§ Exercise instructions
Among the entries below, retype exactly the lines starting with the one with "Gorgeous 18 kt." and going on through the one with "Total weight: 8.1 gram / 0.285 oz / 5.2 dwt", but not the pictures.

§ Given data
########################################

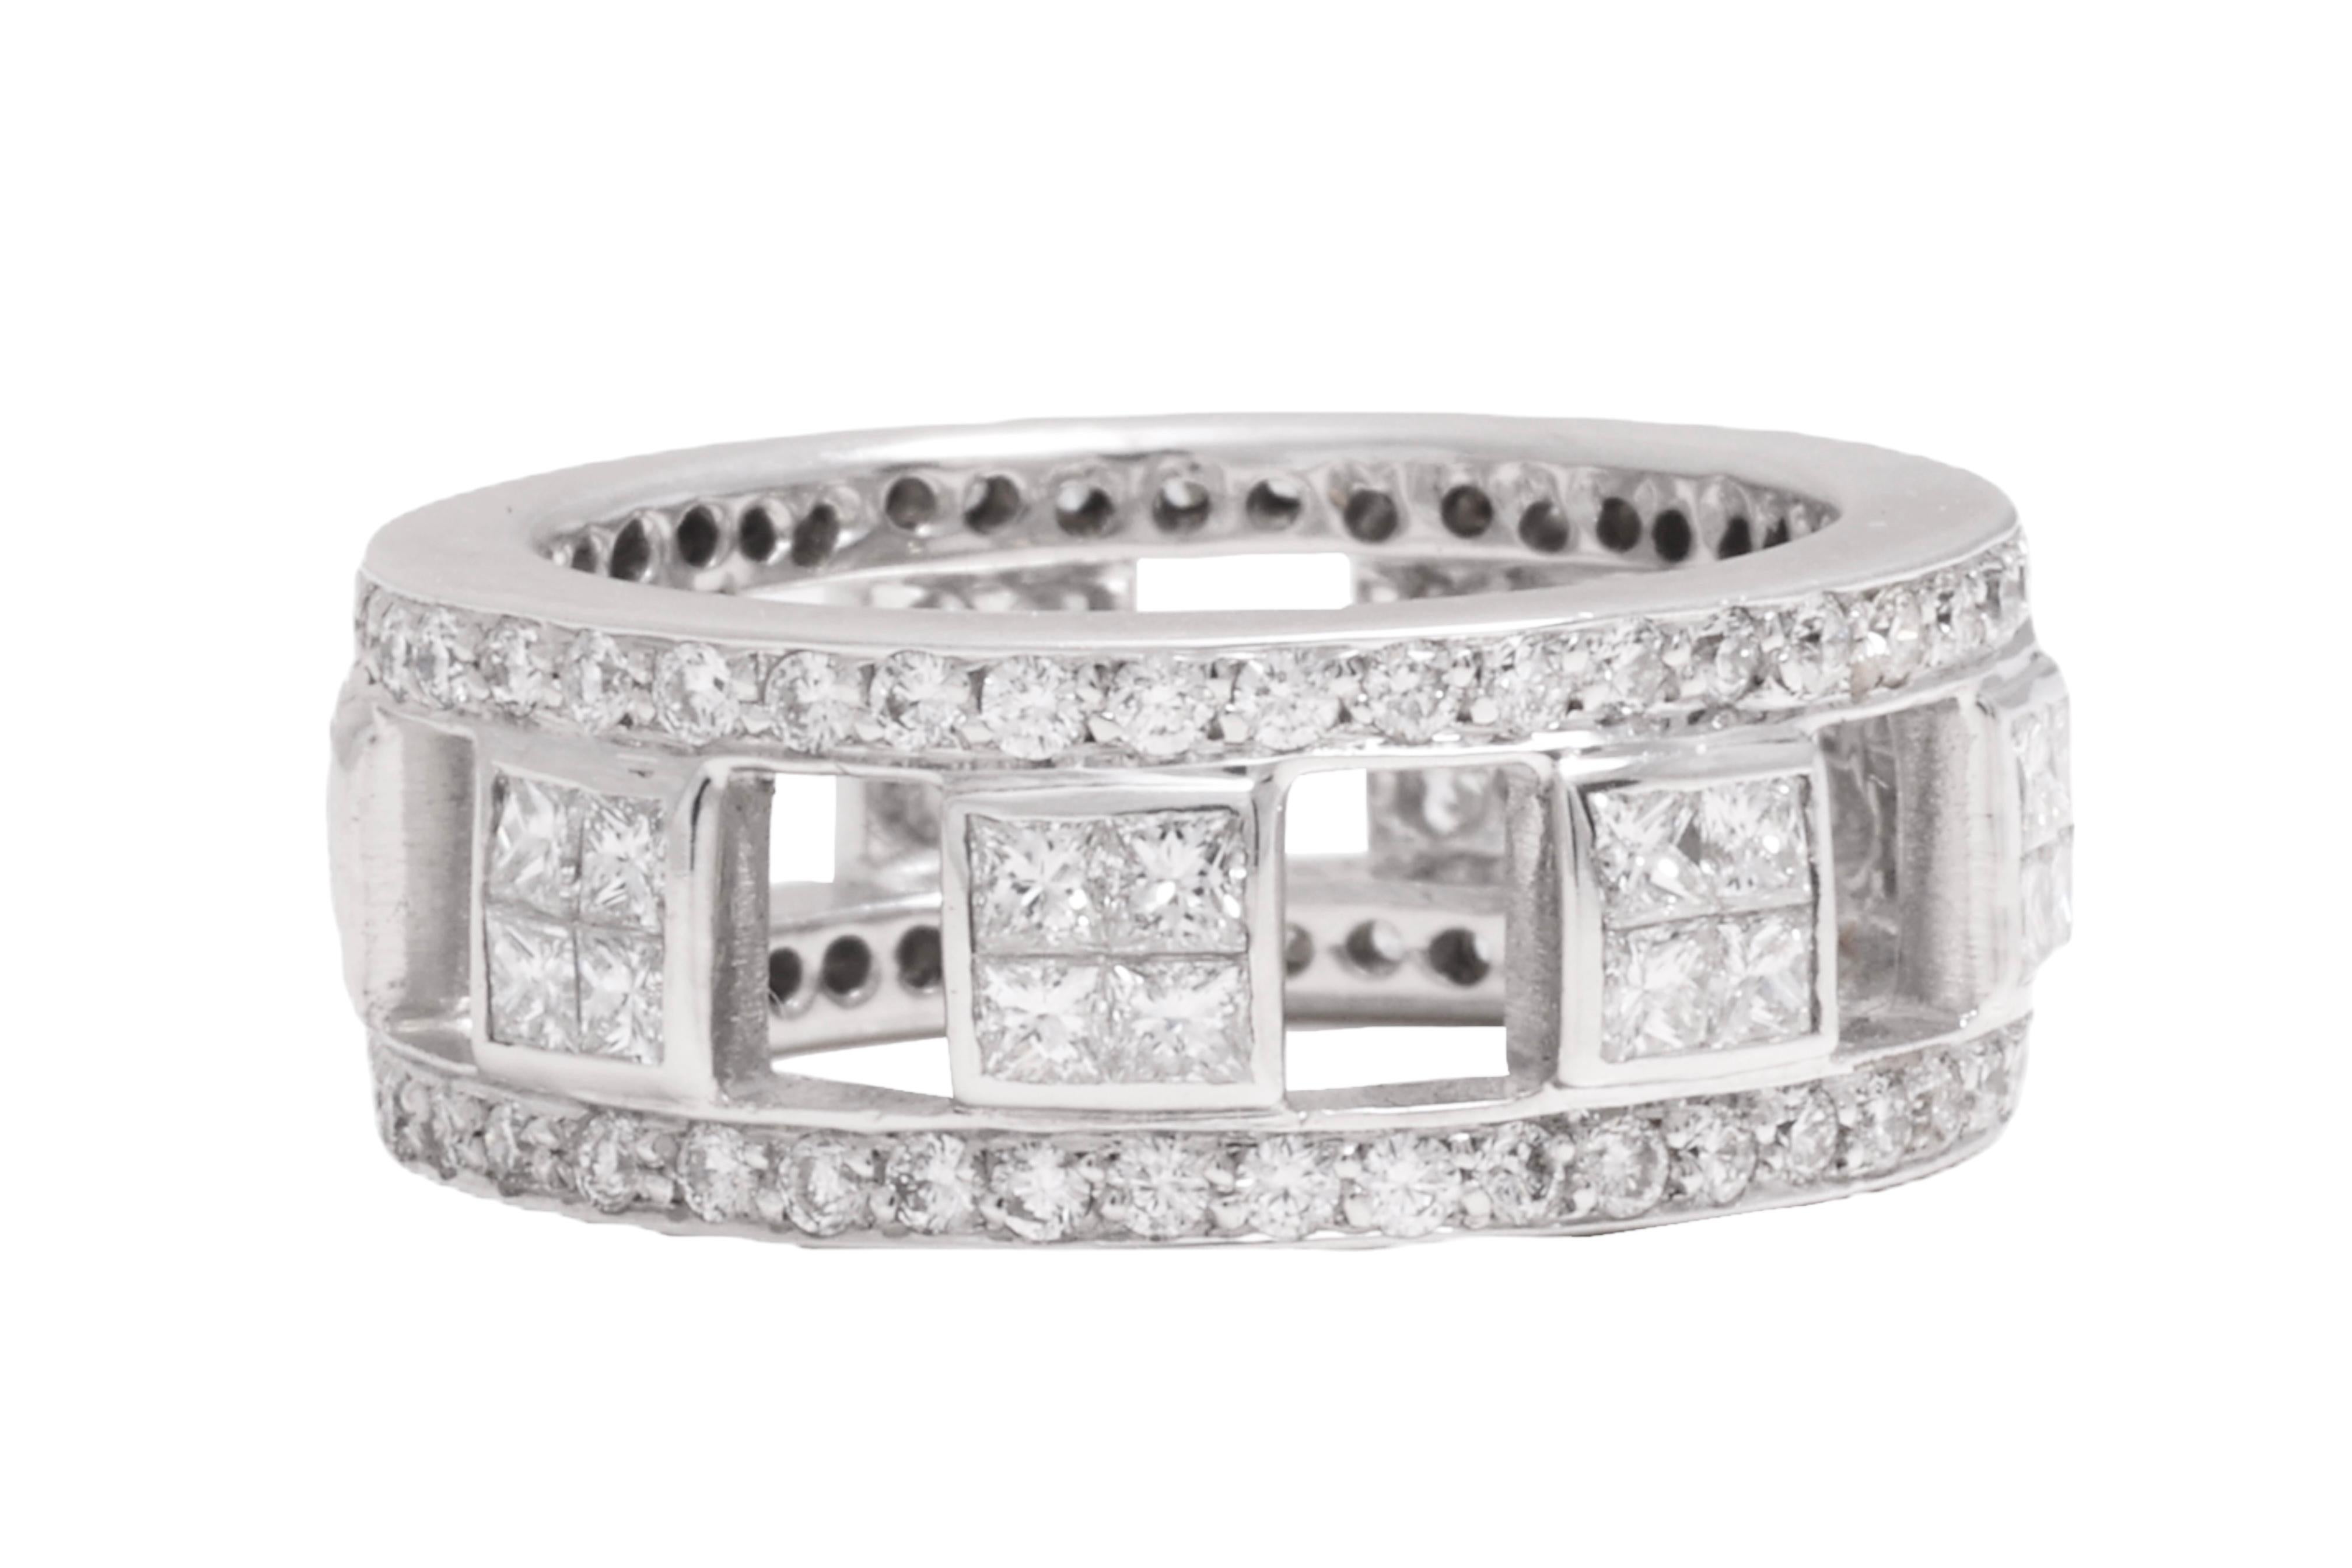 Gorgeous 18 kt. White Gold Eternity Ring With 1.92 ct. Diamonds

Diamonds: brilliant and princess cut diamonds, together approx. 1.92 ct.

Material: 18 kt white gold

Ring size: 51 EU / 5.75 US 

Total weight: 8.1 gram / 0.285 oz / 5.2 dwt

########################################

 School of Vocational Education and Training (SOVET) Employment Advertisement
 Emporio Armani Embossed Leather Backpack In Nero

########################################

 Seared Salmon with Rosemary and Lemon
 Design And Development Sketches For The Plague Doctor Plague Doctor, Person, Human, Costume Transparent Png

########################################

§ Exercise response
 Gorgeous 18 kt. White Gold Eternity Ring With 1.92 ct. Diamonds

Diamonds: brilliant and princess cut diamonds, together approx. 1.92 ct.

Material: 18 kt white gold

Ring size: 51 EU / 5.75 US 

Total weight: 8.1 gram / 0.285 oz / 5.2 dwt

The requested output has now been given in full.